Mocean joins Toronto choreographer Heidi Strauss to explore relationships and movement with These Versions of Us.

click to enlarge Versions was built from, among other things, 
conversation and improvisation. - MICHELLE DOUCETTE
Versions was built from, among other things, 
conversation and improvisation.

These Versions of Us
April 26-28, 8pm
Sir James Dunn Theatre,  6101 University Avenue

For the final production of its season, Mocean Dance is turning dance inside out. From April 26-28, the company will present These Versions of Us, a new work by Toronto-based choreographer Heidi Strauss that forwent fixed steps and was instead built collaboratively with quintet of dancers.

Mocean's artistic directors Suzanne Chui and Sara Coffin say they were drawn to Strauss' intuitive approach to choreography, and are eager to present her work to Halifax audiences for the first time.

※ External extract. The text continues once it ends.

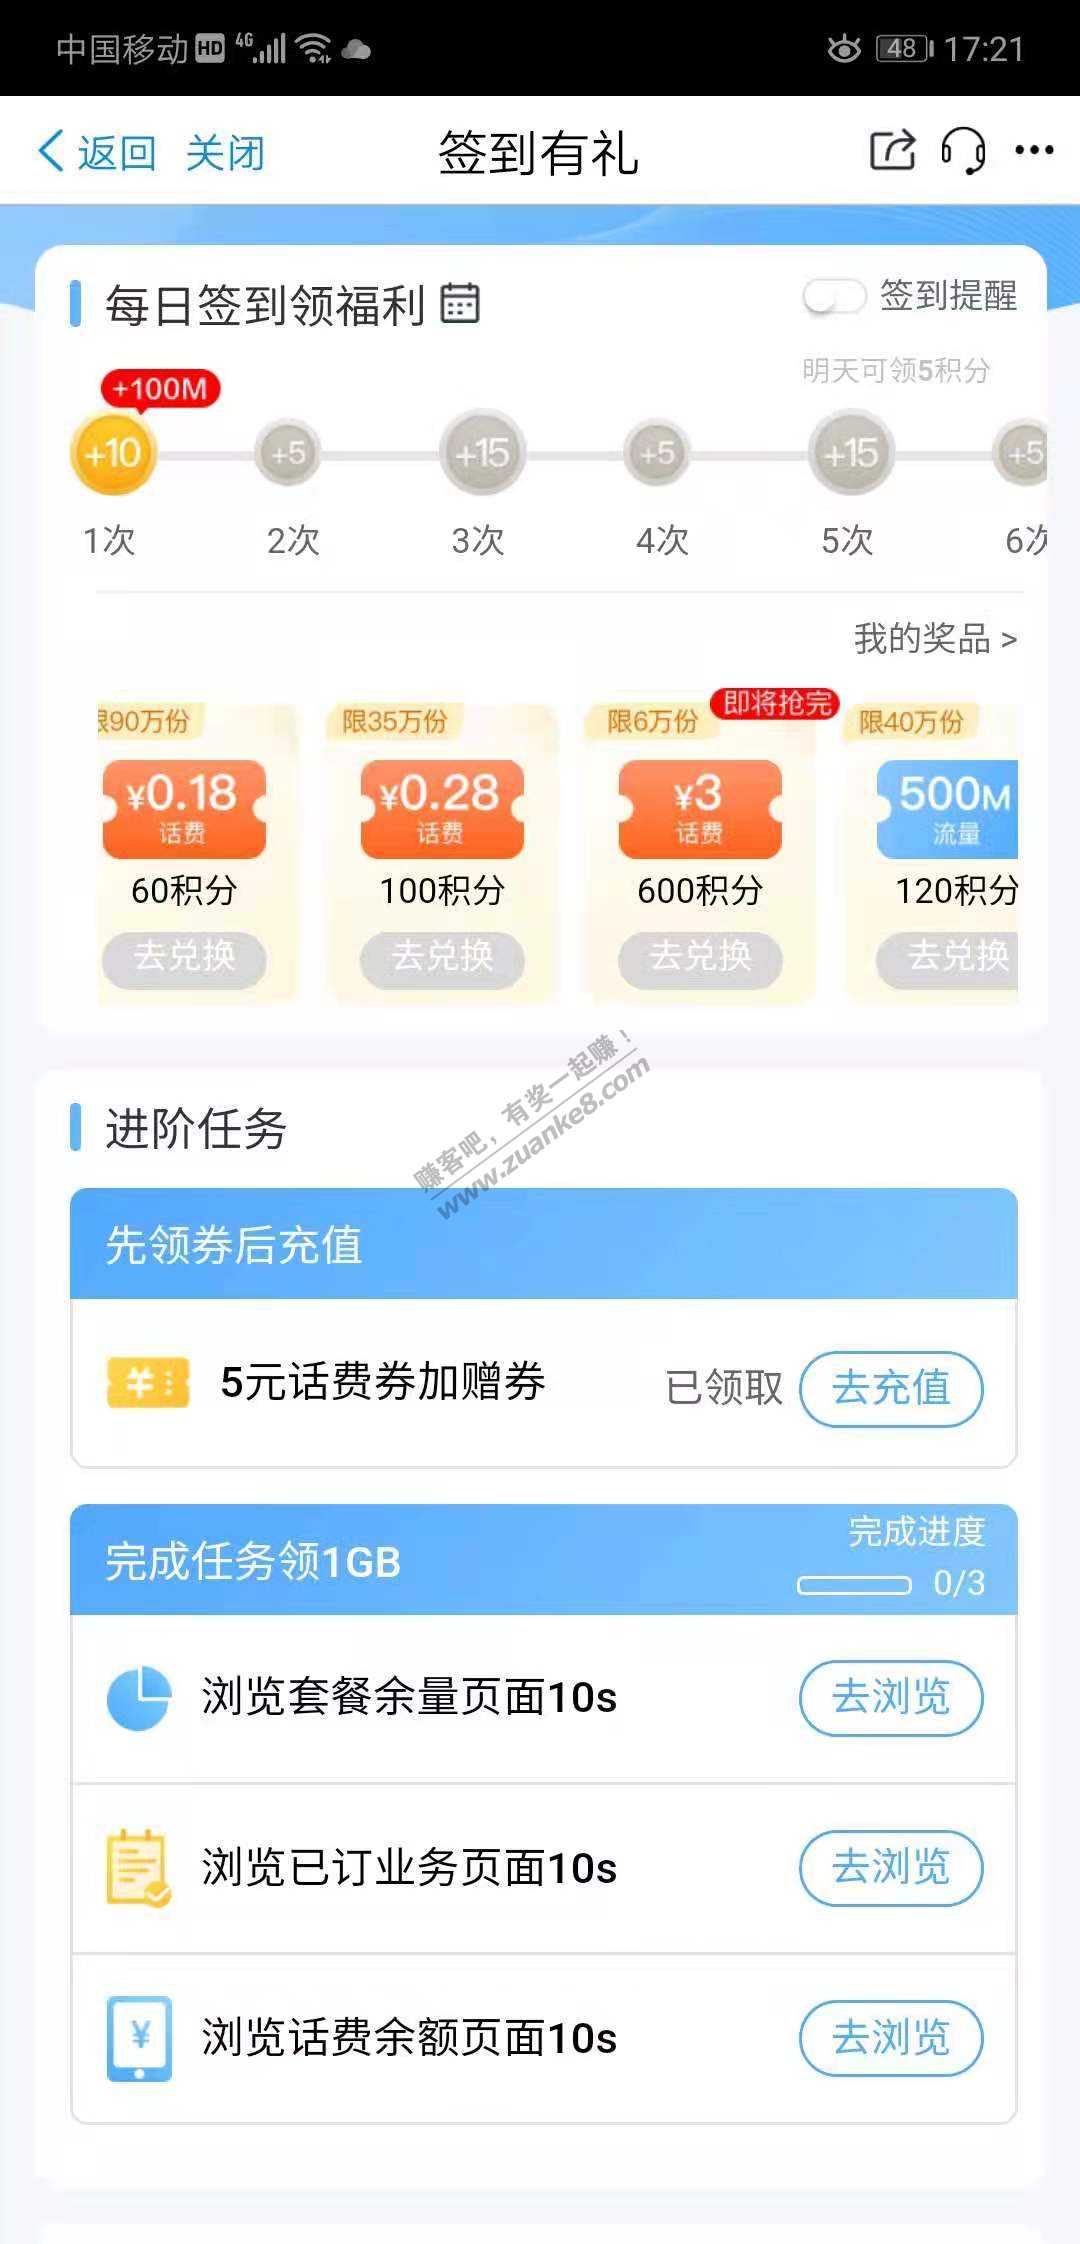 中国移动签到有礼送话费流量-惠小助(52huixz.com)

"With Heidi in particular, we were interested in how she has an approach to the body and moving with a certain intention," says Coffin. "Sometimes dance can be quite forceful and muscular, but the way she drives—you could say it's like from the inside out."

Describing the process of building the piece, Strauss says that the group used both improvisation and conversation to explore their relationships with one another. This process parallels the themes she hopes to imbue in the dance—rethinking the limits of human movement and relationships.

"There are so many ways we exist in the world, and I really, fundamentally believe that dance has the capacity in many different ways to be communicating that," says Strauss. "We sometimes think of dance as just like one thing—a body moving in space—but that body is connected to so many bits of personal history and collective history, relationships to environment and to the present."

Chui and Coffin are both dancing the piece, alongside Mocean newcomer Julie Robert and guests Naishi Wang and Lukas Malkowski. Chui says that this collaborative process allowed her to explore her identity both within and outside of dance—something that she hopes audiences will feel as well.

"It's been interesting to feel that my life is more connected to the piece," says Chui. "Seeing how other people see me is really interesting, and it's starting to make me think about how I see myself. That's very refreshing."